*HOW TO COMPLETE THIS TASK*
Using the listing below, retype only the lines from the line with "Hyper Green 2016" through the end, both ends included, and exclude the pictures.

*RECORDED DATA*
[Start of Attachment]
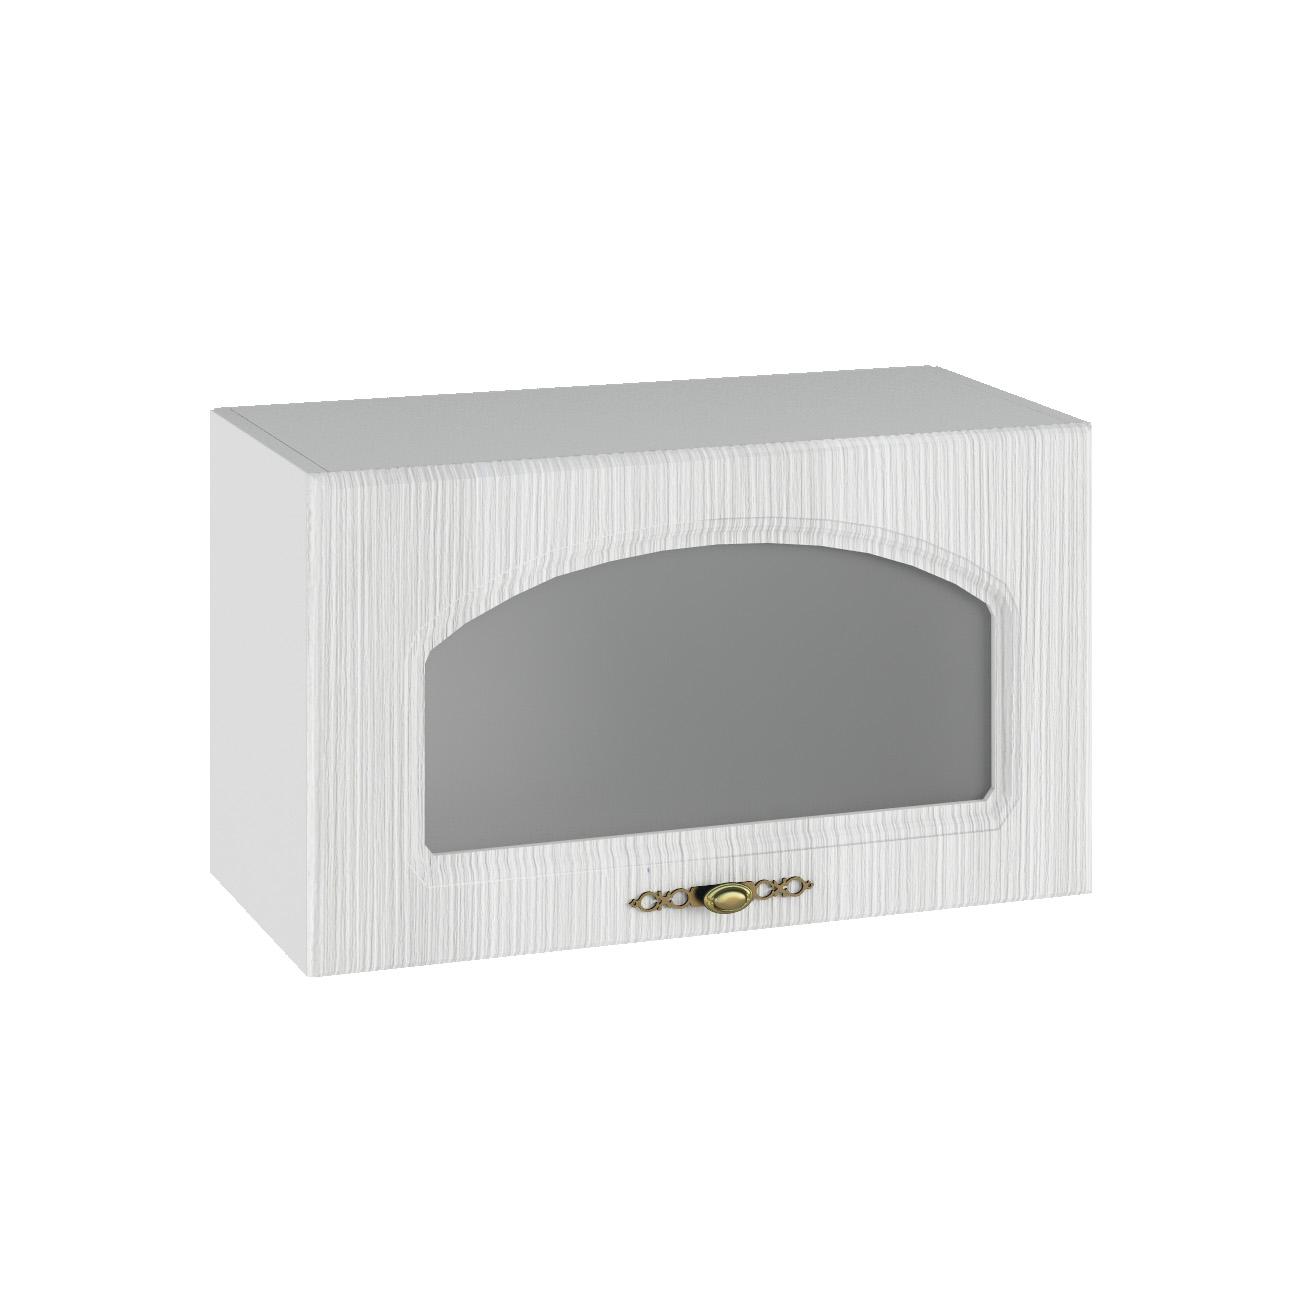 Кухня Монако ГПГС 600 Шкаф верхний глубина 574
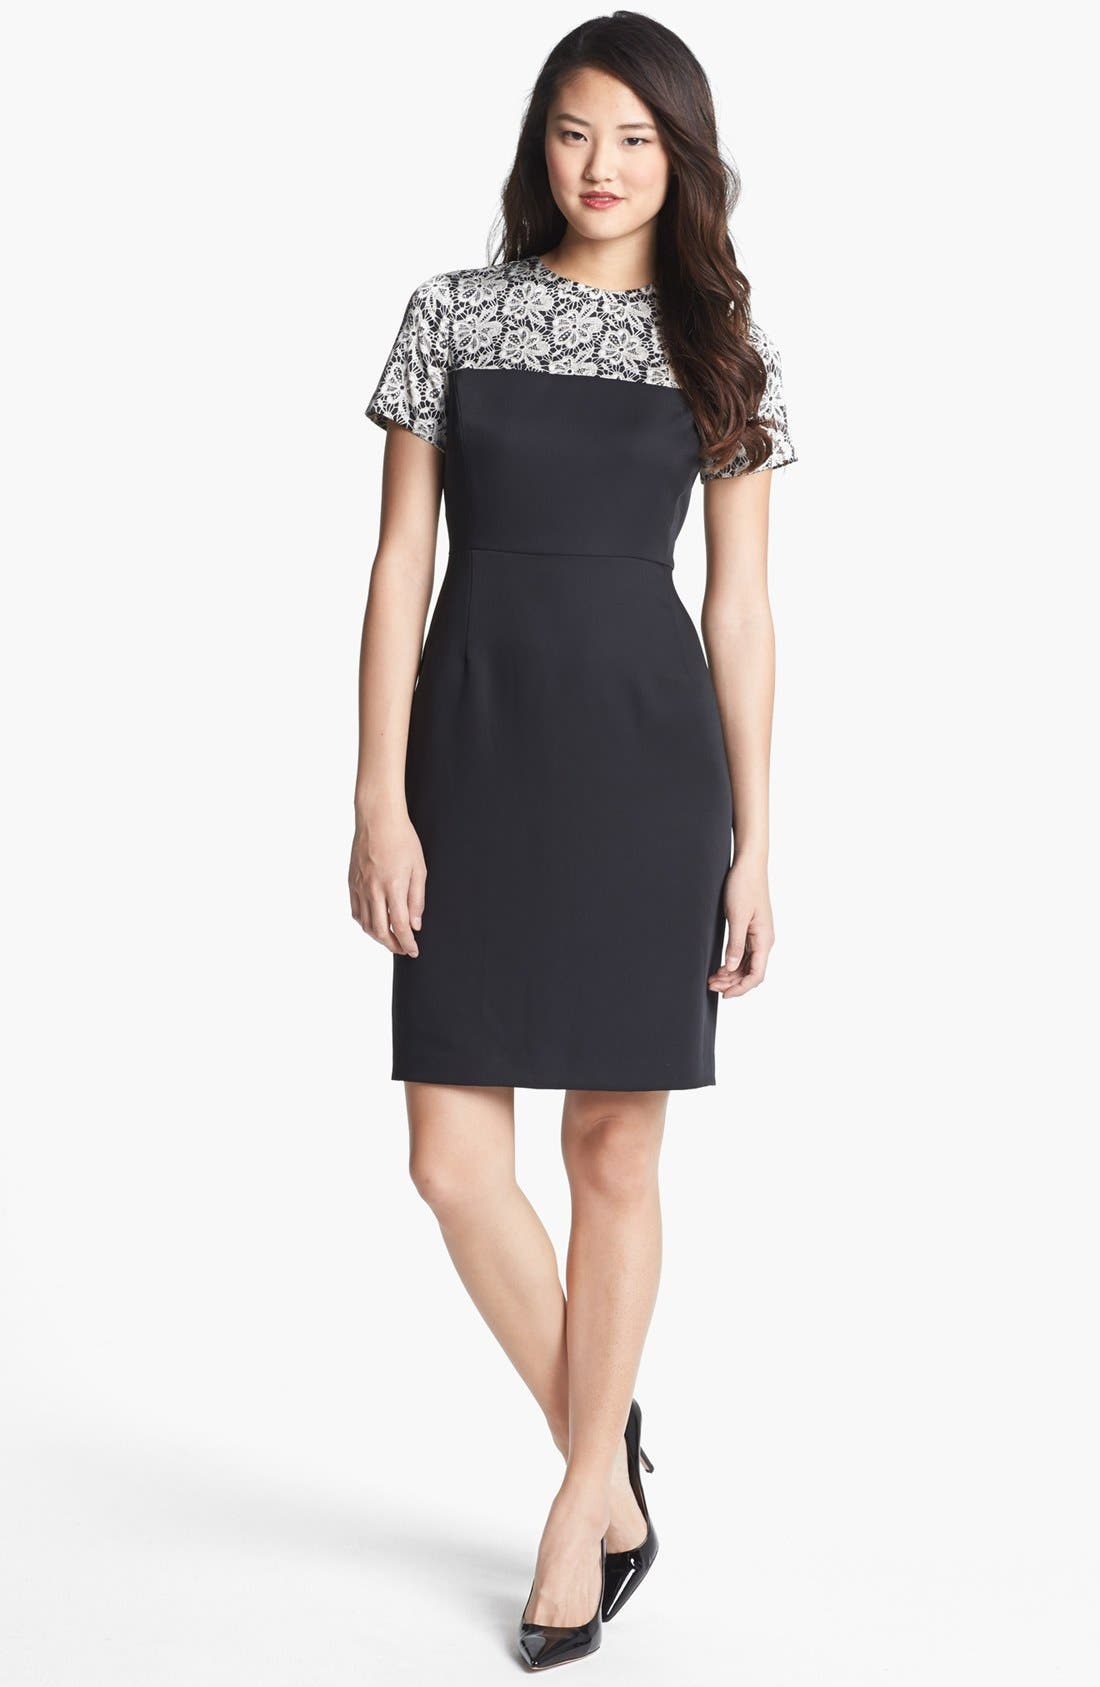 Main Image - Vince Camuto Lace Print Crepe Dress
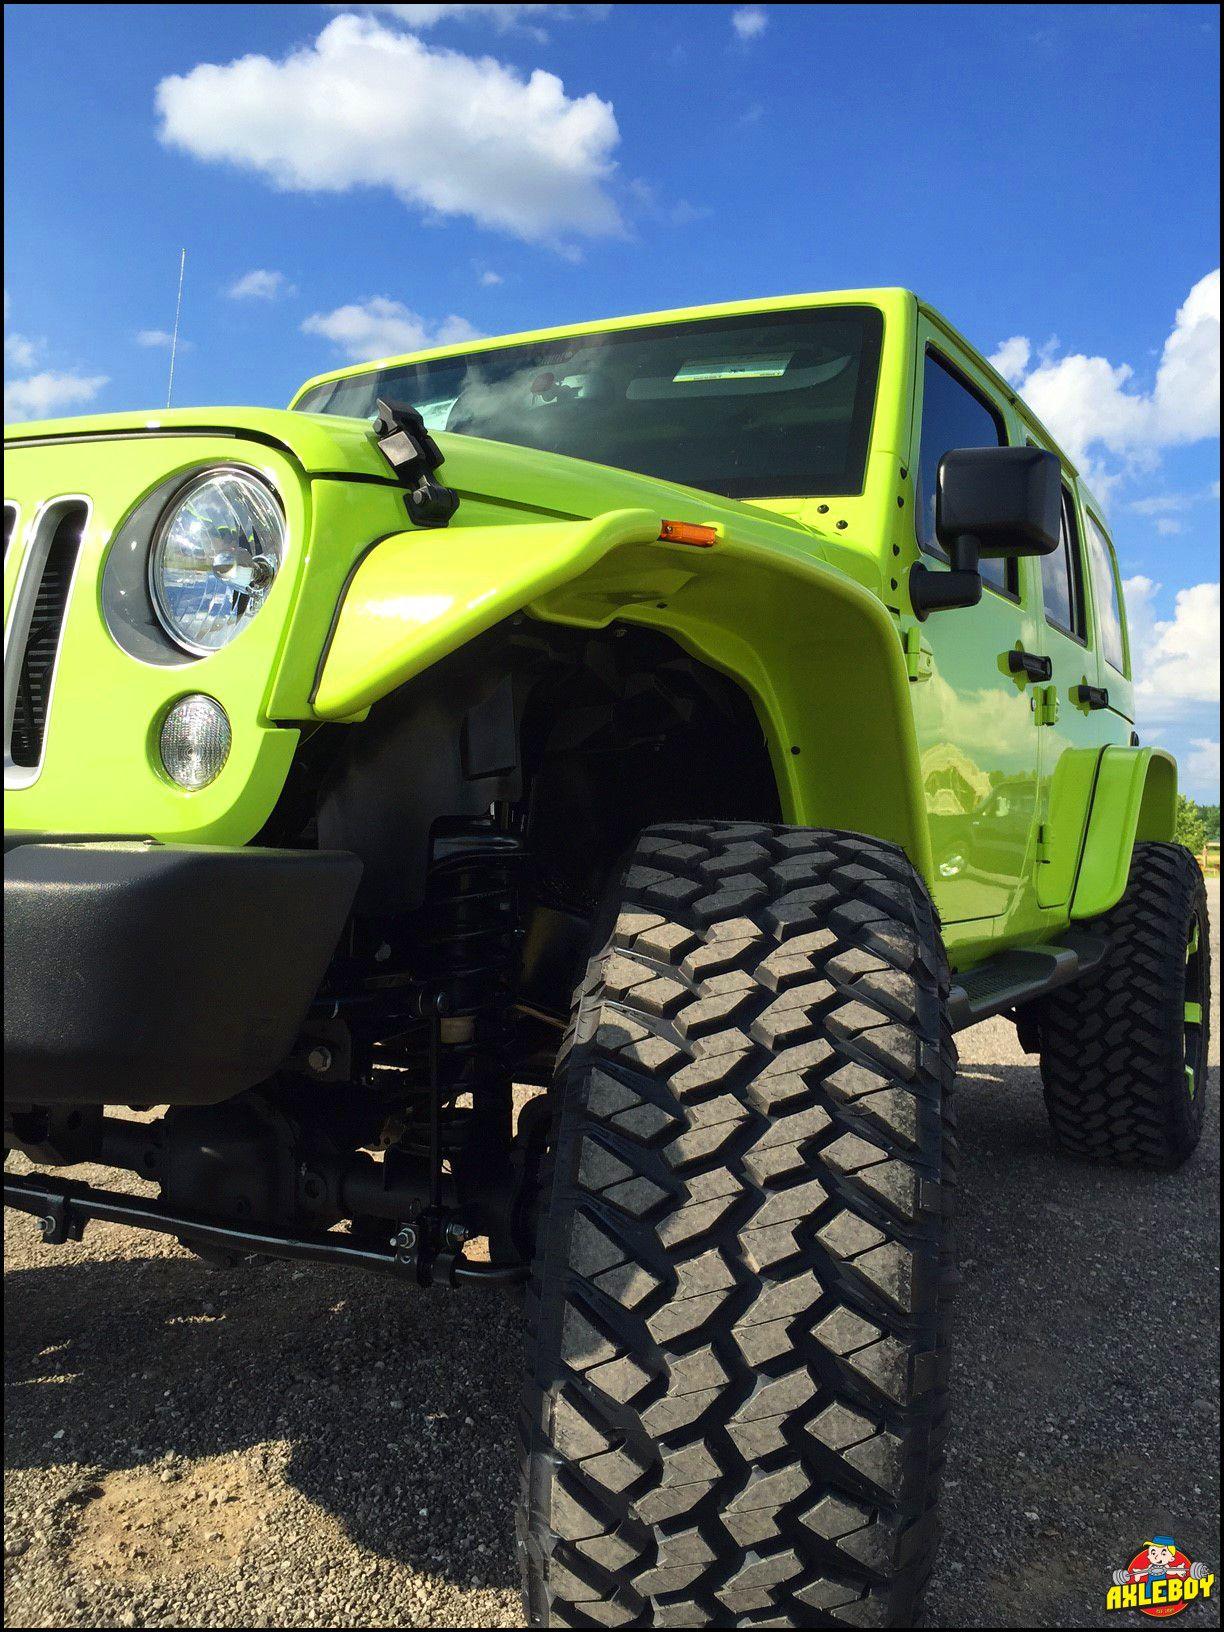 Hyper Green 2016 Jeep Wrangler On A 3 Teraflex Lift 37 Nitto Tires Stubby Front Per And Bushwacker Flat Fenders
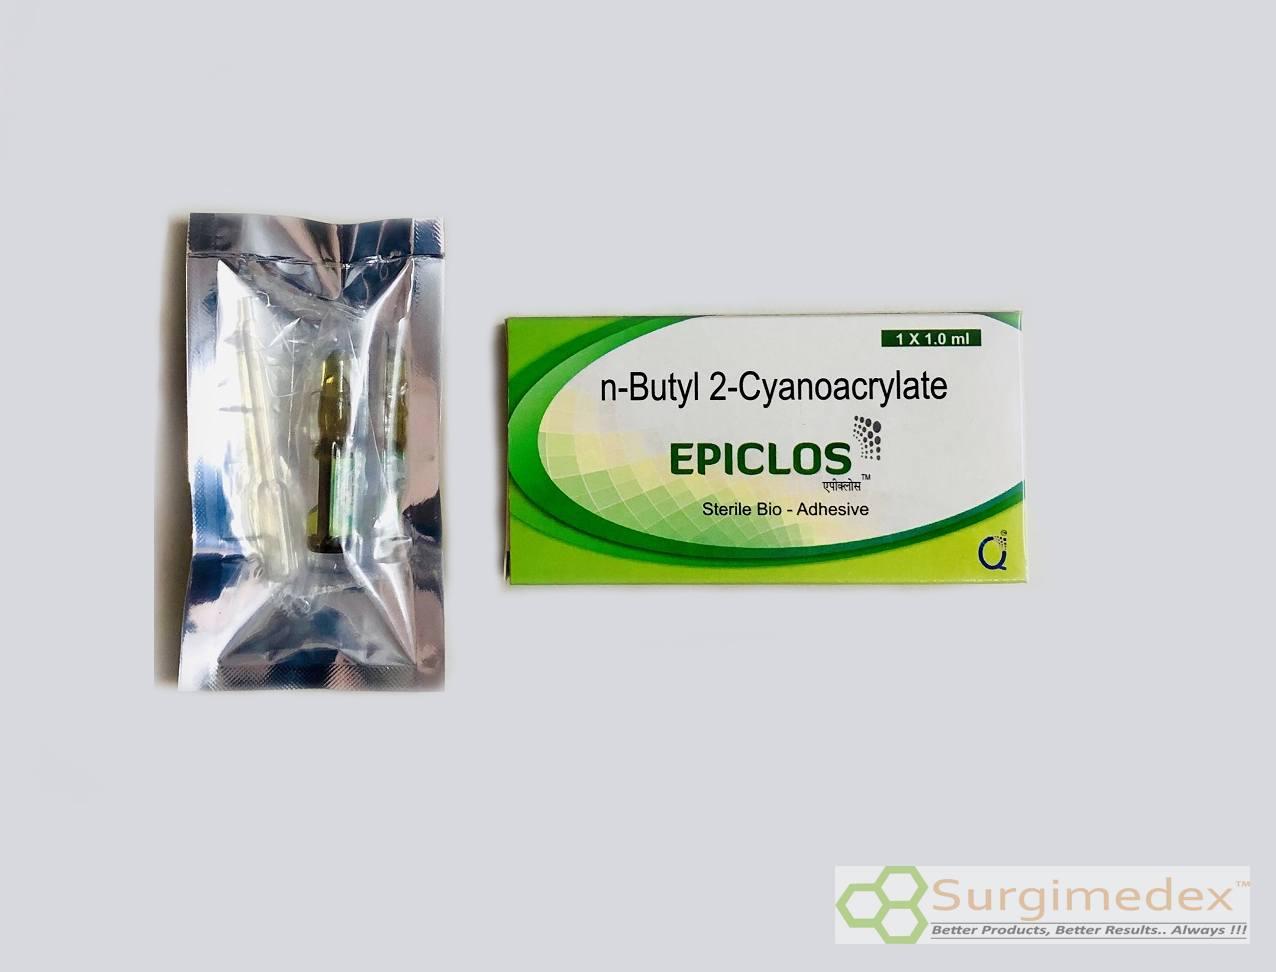 Sterile Bio Adhesive, Tissue sealer, Tissue Adhesive – N-Butyl 2-Cyanoacrylate Inj. 0.50ml – 1.0ml
[End of Attachment]
*SOLUTION TO THE PROBLEM*
 Hyper Green 2016 Jeep Wrangler On A 3 Teraflex Lift 37 Nitto Tires Stubby Front Per And Bushwacker Flat Fenders
 Sterile Bio Adhesive, Tissue sealer, Tissue Adhesive – N-Butyl 2-Cyanoacrylate Inj. 0.50ml – 1.0ml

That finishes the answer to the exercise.